# WORK INSTRUCTIONS
Set down, exactly and only, everything from the line containing "WRC_2021_Rd.7_247" down to the line containing "Regular Fit Zip" in the data below; the pictures are not part of the copy.

# DATA RECORDS
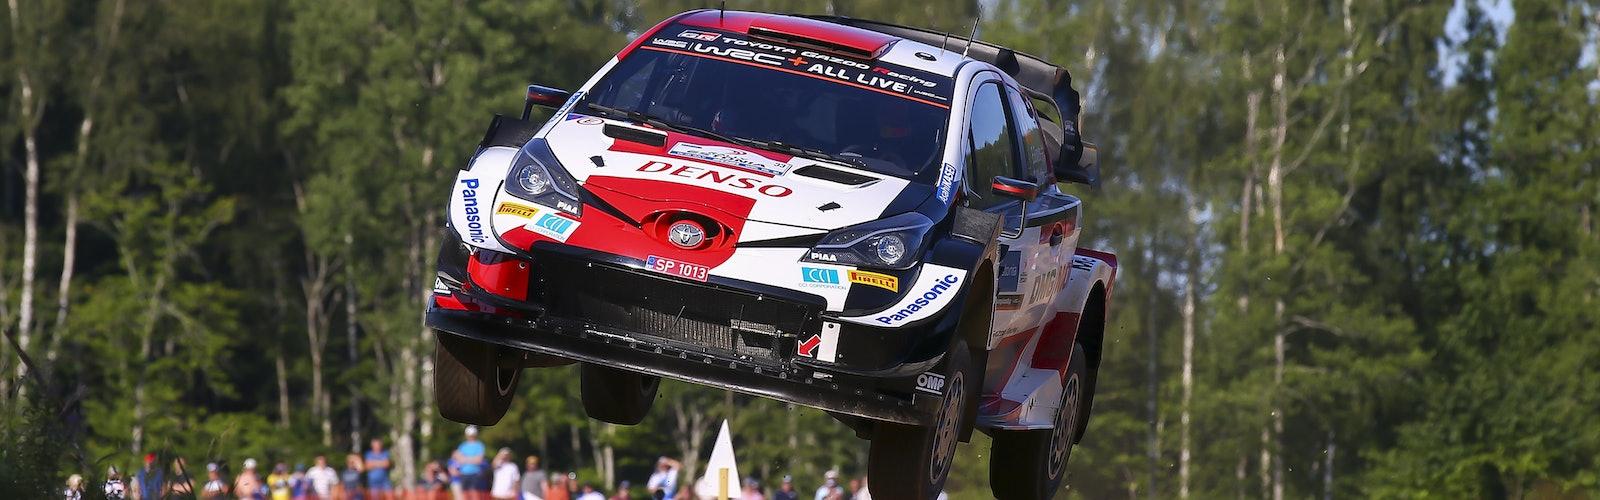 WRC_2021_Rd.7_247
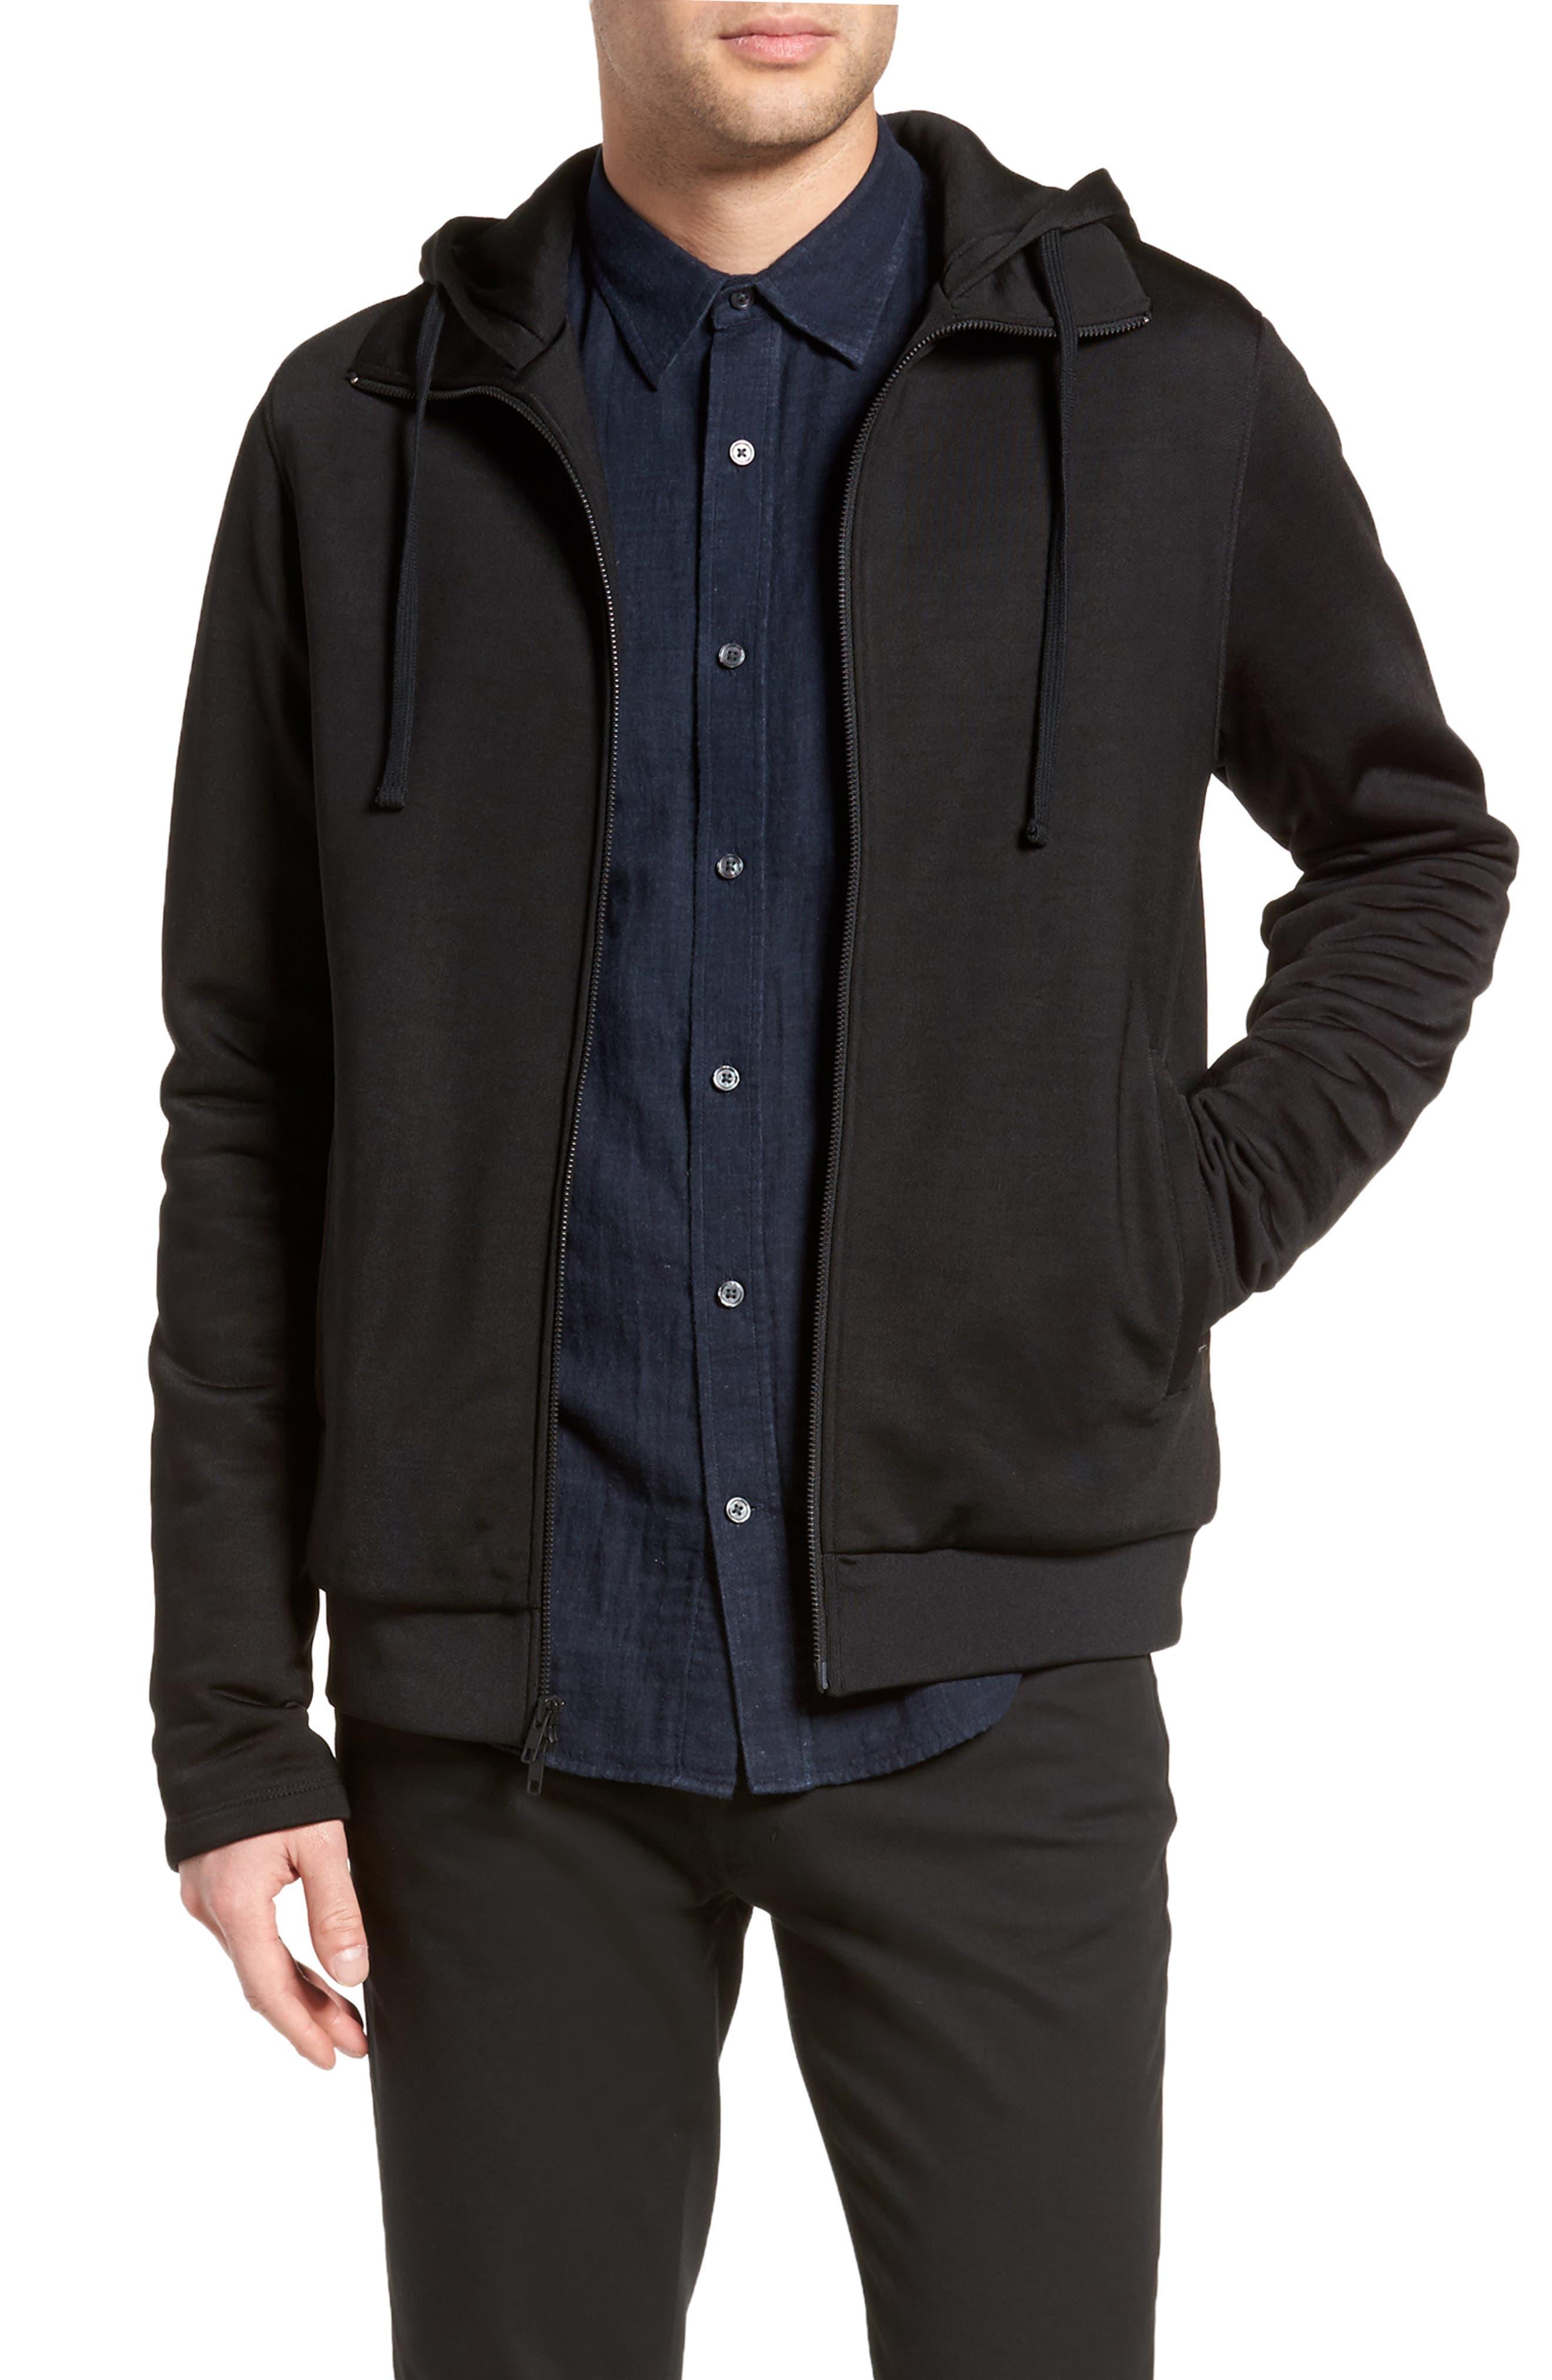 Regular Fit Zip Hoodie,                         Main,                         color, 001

...

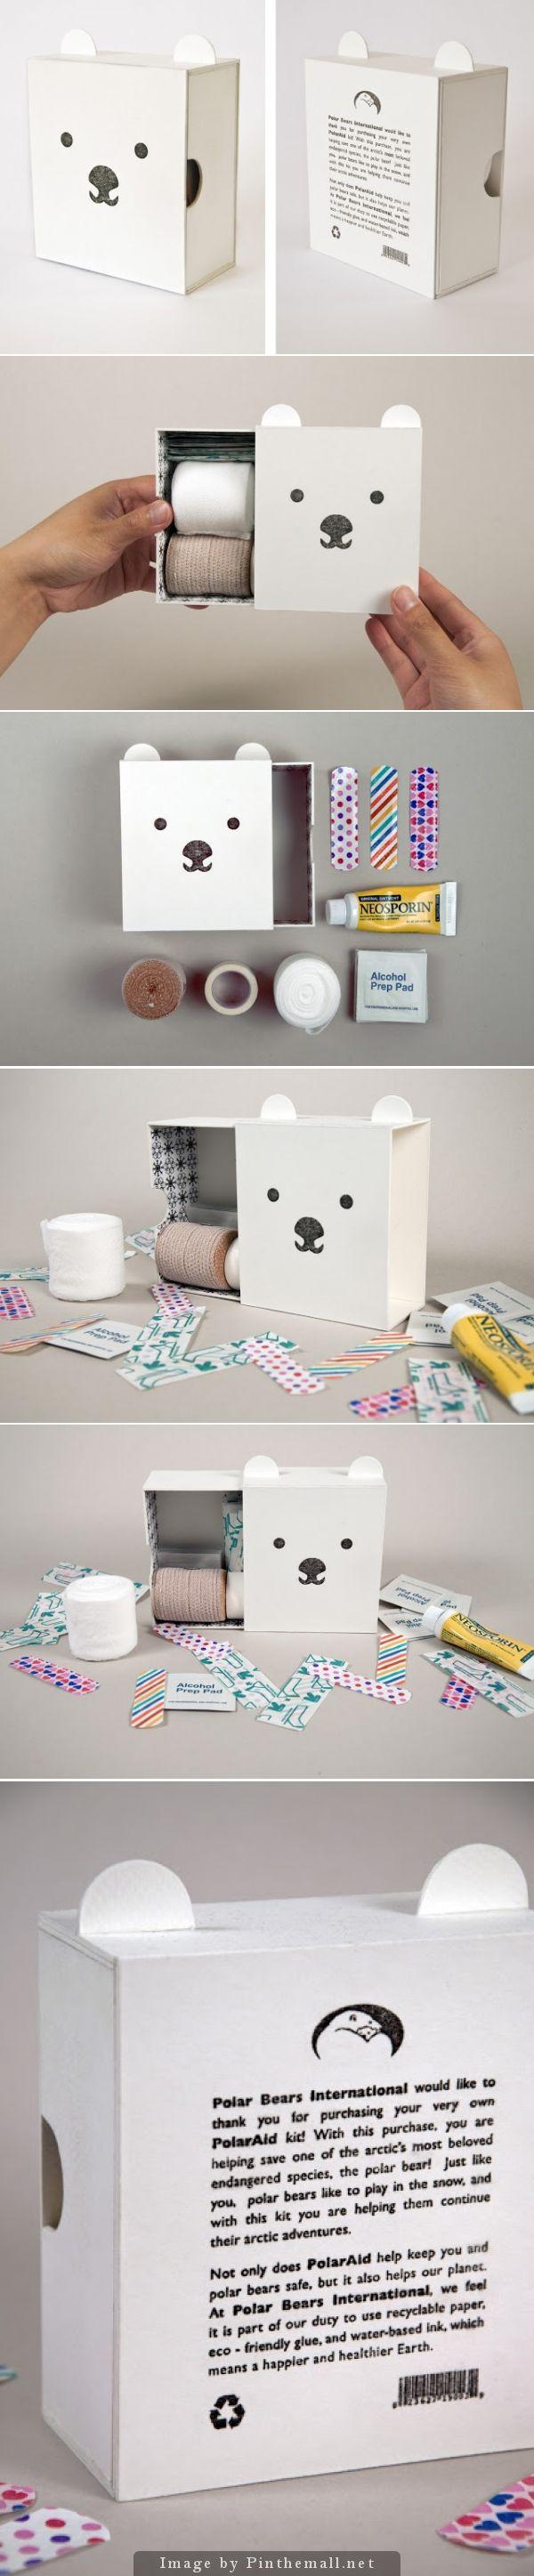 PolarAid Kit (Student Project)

# WRITTEN SOLUTION
 WRC_2021_Rd.7_247
 Regular Fit Zip Hoodie,                         Main,                         color, 001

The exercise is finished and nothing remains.